Irish Women Could Certainly Use Some Good News
And the European Court of Justice delivers! Actually, this is only very modestly good news — no Roe or Morgentaler — as Ireland’s draconian ban on most abortions will remain in place. The ECJ has held, however, that the Irish legislature must act to ensure that Irish women have the access to abortion in life-threatening circumstances that the Irish constitution formally permits:
The court said that the government in Dublin had breached the third woman’s right to respect for her private life by its “failure to implement the existing constitutional right to a lawful abortion in Ireland”.
It ruled that “neither the medical consultation nor litigation options, relied on by the Irish government, constituted effective and accessible procedures which allowed the third applicant to establish her right to a lawful abortion in Ireland”.
The court said that the only non-judicial way of determining the risk to a woman’s life – on which the government relied – was an ordinary medical consultation between the woman and her doctor. It described this as “ineffective”.
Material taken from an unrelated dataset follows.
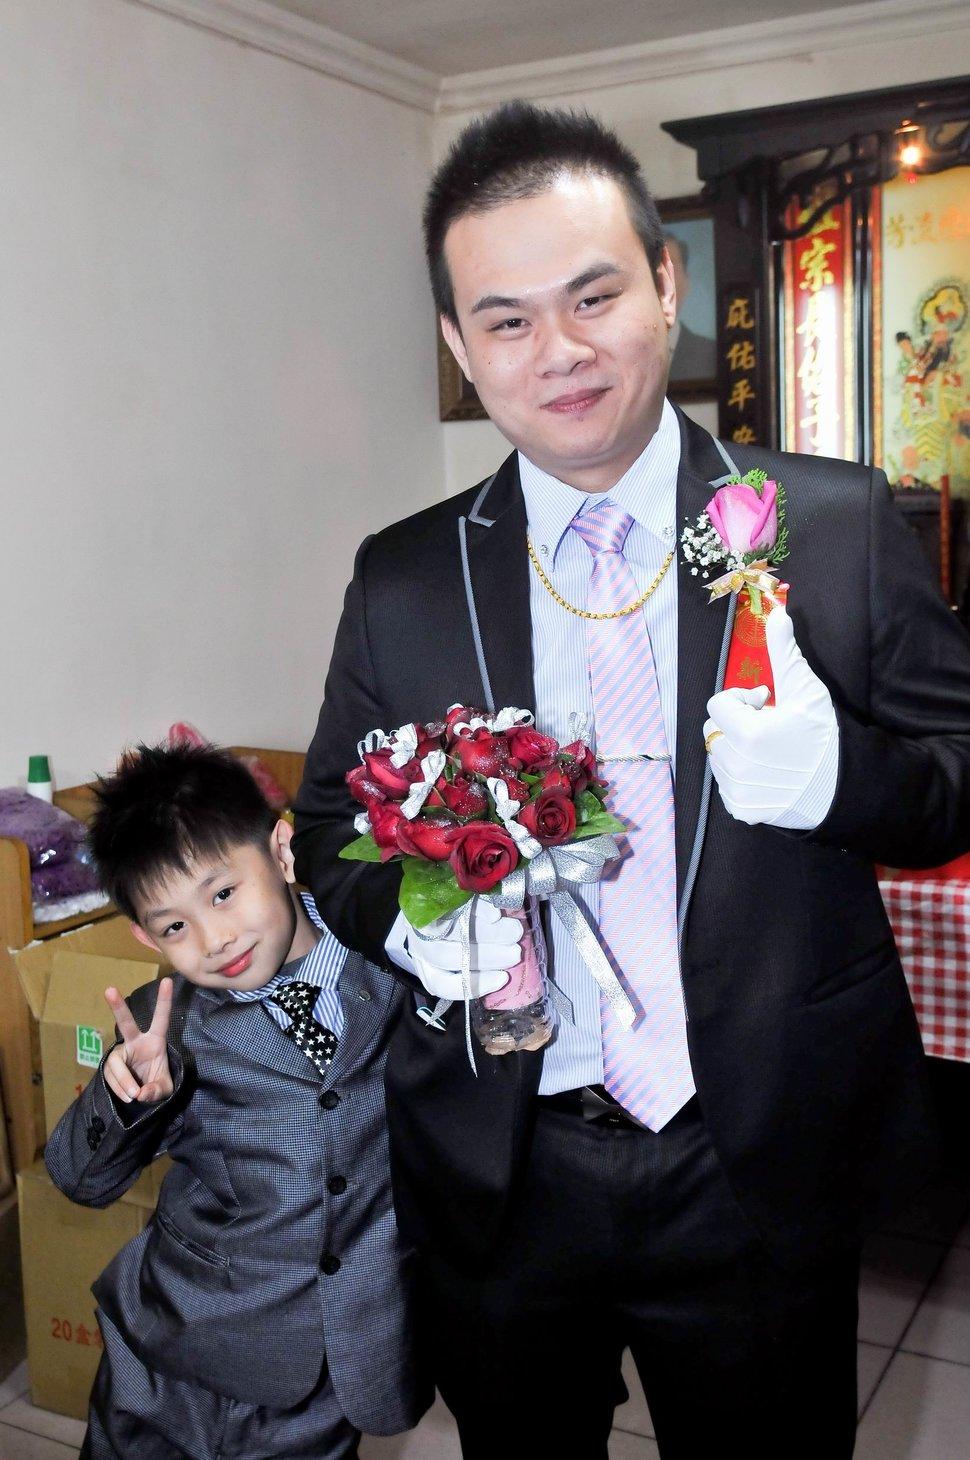 海產大王文定結婚儀式迎娶晚宴婚禮結婚儀式午宴婚禮記錄動態微電影錄影專業錄影平面攝影婚攝婚禮主持人(編號:303357) - 蜜月拍照10800錄影12800攝影團隊 - 結婚吧

It said that women and their doctors both ran a risk of criminal conviction and imprisonment “if an initial doctor’s opinion that abortion was an option as it posed a risk to the woman’s health was later found to be against the Irish constitution”.
As the fact that two of the women who brought suit lost, the ruling is very narrow, not applying to women for whom pregnancy was a major health or financial burden. (I should add that this is probably appropriate given the ECJ’s jurisdiction — better reform will probably have to come from within the country.) But at least it’s one step in the right direction.